- WHAT NEEDS TO BE DONE -
I need the number of lines in the following entries that hold the word "belge", and no other text.

^^^^^^^^^^^^^^^^

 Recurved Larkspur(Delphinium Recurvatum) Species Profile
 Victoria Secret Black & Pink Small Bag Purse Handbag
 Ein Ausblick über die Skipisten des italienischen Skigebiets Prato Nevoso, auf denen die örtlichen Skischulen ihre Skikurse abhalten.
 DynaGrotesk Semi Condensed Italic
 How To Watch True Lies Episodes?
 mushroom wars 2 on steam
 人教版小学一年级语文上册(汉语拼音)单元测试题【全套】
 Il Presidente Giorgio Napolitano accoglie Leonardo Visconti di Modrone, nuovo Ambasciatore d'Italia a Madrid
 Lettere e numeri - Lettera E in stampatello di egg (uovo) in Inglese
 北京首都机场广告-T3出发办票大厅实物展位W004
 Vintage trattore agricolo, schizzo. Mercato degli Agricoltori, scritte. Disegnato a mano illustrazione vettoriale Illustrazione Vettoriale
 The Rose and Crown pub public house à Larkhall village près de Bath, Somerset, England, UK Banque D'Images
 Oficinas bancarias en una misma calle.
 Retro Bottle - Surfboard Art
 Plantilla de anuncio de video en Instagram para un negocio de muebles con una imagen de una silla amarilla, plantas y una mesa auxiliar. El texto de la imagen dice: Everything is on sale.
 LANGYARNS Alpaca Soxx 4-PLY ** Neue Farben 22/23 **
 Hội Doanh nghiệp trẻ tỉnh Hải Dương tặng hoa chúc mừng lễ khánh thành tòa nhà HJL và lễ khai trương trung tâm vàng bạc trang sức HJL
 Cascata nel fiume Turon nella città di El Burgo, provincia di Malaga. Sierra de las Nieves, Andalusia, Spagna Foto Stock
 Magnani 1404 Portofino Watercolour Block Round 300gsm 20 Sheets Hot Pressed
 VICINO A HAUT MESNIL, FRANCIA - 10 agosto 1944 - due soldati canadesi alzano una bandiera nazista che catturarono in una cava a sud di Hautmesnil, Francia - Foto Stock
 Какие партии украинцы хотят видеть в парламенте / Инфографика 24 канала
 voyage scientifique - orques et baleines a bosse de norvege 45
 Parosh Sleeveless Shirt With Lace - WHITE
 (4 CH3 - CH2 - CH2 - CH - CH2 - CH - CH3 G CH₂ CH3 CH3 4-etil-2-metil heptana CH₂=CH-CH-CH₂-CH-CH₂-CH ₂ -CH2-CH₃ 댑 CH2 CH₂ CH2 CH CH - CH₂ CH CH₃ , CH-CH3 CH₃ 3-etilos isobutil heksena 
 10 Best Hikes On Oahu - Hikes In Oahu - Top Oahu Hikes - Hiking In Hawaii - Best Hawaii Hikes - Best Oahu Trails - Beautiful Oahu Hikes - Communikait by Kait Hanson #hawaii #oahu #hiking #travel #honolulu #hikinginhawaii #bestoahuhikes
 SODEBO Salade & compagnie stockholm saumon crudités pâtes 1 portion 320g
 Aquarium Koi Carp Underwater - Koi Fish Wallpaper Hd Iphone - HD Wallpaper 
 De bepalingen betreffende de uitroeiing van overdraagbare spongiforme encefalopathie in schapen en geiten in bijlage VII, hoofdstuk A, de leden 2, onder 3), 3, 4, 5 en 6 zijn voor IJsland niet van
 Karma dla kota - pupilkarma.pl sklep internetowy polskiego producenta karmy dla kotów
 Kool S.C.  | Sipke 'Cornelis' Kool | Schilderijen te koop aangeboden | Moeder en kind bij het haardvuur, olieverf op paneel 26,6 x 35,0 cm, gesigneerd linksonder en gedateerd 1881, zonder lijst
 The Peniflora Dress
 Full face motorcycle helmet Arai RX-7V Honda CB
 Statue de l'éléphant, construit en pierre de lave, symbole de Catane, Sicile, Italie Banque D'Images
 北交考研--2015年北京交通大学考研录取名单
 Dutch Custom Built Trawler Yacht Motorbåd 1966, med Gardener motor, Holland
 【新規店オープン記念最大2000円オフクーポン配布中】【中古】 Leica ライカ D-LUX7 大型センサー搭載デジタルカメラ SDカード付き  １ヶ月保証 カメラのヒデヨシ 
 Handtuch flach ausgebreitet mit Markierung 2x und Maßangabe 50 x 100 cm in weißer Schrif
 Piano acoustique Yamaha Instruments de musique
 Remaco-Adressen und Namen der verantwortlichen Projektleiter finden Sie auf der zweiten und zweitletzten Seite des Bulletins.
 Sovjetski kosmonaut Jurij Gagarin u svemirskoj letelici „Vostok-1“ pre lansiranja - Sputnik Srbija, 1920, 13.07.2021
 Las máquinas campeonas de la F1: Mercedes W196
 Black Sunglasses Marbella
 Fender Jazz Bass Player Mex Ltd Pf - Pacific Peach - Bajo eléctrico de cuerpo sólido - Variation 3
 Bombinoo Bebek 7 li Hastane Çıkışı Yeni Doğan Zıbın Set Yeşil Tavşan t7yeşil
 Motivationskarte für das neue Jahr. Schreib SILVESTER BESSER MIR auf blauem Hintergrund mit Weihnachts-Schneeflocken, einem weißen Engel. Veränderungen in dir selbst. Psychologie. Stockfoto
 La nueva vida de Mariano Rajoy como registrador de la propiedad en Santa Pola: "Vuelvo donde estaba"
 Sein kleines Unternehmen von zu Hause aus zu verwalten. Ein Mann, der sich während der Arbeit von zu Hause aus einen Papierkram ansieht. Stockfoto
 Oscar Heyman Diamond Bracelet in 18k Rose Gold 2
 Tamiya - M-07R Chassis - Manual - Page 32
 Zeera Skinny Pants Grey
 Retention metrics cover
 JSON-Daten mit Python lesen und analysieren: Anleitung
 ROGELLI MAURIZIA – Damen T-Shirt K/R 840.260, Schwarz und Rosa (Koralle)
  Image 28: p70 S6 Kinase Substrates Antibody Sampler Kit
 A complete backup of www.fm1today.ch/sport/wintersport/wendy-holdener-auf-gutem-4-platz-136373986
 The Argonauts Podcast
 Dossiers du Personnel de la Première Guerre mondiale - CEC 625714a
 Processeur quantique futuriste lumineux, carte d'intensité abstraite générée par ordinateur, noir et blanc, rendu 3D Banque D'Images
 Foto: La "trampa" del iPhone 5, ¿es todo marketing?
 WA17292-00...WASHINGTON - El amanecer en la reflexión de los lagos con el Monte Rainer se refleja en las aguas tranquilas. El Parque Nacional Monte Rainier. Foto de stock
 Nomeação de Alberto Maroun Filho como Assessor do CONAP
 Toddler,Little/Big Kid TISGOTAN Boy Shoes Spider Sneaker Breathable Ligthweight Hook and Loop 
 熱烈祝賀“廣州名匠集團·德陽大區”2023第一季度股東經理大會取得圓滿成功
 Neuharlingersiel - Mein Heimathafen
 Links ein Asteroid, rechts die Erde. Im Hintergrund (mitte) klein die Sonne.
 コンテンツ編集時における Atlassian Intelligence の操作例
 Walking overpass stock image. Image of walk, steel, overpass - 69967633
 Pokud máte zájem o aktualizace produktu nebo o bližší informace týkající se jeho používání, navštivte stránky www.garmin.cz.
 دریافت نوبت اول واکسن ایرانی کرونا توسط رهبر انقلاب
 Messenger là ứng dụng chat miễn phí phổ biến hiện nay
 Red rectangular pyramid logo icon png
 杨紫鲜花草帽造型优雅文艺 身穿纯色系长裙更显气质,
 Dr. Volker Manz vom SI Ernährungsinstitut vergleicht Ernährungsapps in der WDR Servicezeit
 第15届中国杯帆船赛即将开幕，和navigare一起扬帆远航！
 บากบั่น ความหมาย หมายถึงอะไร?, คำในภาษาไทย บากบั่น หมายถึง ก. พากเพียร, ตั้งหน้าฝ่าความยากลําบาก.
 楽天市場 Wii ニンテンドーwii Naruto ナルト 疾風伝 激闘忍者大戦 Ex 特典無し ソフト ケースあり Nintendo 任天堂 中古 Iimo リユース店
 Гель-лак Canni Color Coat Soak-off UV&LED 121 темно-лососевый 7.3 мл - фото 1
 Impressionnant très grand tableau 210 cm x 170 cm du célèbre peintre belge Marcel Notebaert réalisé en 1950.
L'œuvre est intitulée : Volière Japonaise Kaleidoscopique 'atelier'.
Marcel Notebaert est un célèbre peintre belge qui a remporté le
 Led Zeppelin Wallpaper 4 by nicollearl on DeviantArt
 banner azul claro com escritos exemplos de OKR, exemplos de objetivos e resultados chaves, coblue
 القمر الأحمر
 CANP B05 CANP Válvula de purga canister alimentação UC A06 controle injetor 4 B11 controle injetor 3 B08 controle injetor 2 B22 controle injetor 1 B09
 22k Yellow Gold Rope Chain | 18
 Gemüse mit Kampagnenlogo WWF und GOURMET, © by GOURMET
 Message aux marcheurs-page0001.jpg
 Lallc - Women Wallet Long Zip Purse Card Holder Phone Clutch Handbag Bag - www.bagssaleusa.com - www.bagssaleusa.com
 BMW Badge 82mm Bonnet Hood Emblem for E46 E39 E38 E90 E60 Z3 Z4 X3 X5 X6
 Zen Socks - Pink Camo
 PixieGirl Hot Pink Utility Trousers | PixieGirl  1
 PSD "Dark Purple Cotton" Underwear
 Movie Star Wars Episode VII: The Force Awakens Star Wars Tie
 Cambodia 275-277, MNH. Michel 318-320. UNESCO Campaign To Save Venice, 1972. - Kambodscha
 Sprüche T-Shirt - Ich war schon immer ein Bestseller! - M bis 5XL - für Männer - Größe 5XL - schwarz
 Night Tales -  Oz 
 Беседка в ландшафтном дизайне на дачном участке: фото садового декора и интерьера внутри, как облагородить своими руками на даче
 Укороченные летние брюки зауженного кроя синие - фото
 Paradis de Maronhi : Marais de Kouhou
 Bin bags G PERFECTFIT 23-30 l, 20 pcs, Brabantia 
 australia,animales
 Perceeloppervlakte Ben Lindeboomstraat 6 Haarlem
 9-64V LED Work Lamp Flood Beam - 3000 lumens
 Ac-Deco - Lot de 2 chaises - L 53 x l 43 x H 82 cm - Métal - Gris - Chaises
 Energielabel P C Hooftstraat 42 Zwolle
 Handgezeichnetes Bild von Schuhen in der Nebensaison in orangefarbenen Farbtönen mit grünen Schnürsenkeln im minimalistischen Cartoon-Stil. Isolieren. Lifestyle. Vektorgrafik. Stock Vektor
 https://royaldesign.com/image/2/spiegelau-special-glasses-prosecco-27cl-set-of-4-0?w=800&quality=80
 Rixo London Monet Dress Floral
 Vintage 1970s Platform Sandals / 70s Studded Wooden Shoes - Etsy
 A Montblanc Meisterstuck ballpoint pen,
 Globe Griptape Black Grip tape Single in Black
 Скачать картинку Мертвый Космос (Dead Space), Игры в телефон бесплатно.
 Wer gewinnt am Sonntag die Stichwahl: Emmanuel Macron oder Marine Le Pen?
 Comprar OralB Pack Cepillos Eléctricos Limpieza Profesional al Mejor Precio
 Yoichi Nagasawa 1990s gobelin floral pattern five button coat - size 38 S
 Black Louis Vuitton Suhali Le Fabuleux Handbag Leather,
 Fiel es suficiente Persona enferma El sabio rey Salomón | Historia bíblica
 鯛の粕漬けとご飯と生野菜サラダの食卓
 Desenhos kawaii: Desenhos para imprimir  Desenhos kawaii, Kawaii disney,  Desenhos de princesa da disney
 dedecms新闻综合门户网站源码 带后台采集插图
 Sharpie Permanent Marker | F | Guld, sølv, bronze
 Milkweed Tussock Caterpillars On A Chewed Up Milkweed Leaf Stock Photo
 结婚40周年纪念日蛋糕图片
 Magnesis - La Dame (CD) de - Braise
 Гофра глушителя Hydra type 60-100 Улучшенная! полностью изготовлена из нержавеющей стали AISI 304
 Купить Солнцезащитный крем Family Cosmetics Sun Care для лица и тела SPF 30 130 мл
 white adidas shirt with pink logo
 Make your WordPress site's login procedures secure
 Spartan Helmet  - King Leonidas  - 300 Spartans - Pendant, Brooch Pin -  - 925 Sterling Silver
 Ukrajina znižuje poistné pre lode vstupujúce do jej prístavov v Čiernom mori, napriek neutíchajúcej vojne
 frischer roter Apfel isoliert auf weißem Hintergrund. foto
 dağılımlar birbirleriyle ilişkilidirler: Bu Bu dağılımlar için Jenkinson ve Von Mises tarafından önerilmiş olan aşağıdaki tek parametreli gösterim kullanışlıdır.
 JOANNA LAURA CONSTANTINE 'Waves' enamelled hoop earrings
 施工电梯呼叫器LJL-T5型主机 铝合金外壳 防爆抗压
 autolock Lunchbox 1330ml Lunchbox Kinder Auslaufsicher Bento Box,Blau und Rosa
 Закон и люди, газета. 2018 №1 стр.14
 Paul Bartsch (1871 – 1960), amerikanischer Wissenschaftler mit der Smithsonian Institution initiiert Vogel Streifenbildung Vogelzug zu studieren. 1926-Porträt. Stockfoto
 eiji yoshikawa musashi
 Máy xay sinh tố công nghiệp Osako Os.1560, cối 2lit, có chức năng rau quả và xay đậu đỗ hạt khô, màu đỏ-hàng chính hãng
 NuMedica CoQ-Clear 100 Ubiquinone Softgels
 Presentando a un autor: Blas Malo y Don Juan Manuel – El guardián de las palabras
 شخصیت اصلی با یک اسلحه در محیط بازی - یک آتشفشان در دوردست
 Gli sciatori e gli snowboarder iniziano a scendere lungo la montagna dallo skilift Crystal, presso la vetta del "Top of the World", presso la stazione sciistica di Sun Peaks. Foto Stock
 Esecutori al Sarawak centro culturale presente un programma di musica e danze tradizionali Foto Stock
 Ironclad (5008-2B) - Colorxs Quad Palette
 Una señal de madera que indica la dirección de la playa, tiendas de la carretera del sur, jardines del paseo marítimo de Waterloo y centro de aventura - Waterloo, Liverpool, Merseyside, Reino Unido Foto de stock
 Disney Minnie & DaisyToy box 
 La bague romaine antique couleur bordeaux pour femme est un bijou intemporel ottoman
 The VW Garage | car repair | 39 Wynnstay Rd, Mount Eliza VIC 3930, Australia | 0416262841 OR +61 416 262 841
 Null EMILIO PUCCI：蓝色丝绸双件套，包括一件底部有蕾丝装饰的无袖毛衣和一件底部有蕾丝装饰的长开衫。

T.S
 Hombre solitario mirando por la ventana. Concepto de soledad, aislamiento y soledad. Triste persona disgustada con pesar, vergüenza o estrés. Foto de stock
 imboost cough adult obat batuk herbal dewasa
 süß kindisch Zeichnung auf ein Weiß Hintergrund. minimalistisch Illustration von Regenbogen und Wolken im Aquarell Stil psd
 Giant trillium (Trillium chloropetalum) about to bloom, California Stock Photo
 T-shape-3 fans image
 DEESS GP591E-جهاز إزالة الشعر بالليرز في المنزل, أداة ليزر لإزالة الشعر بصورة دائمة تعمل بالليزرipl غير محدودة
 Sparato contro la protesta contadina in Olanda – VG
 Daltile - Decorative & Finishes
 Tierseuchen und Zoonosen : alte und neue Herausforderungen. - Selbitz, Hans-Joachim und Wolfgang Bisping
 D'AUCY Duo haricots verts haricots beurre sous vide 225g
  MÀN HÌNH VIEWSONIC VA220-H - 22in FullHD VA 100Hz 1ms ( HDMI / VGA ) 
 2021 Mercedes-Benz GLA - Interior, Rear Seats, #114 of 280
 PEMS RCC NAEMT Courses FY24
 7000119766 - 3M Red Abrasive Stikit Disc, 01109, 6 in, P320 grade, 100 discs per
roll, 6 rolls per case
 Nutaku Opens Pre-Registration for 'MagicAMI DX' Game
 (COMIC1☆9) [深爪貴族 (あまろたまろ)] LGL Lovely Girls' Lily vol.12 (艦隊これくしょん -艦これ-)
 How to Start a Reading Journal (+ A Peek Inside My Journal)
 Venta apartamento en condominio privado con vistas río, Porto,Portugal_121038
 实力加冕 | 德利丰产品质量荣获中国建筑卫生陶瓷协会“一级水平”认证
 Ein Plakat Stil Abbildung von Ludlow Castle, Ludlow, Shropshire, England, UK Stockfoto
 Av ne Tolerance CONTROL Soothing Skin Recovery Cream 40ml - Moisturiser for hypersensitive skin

^^^^^^^^^^^^^^^^

- WRITTEN RESPONSE -
2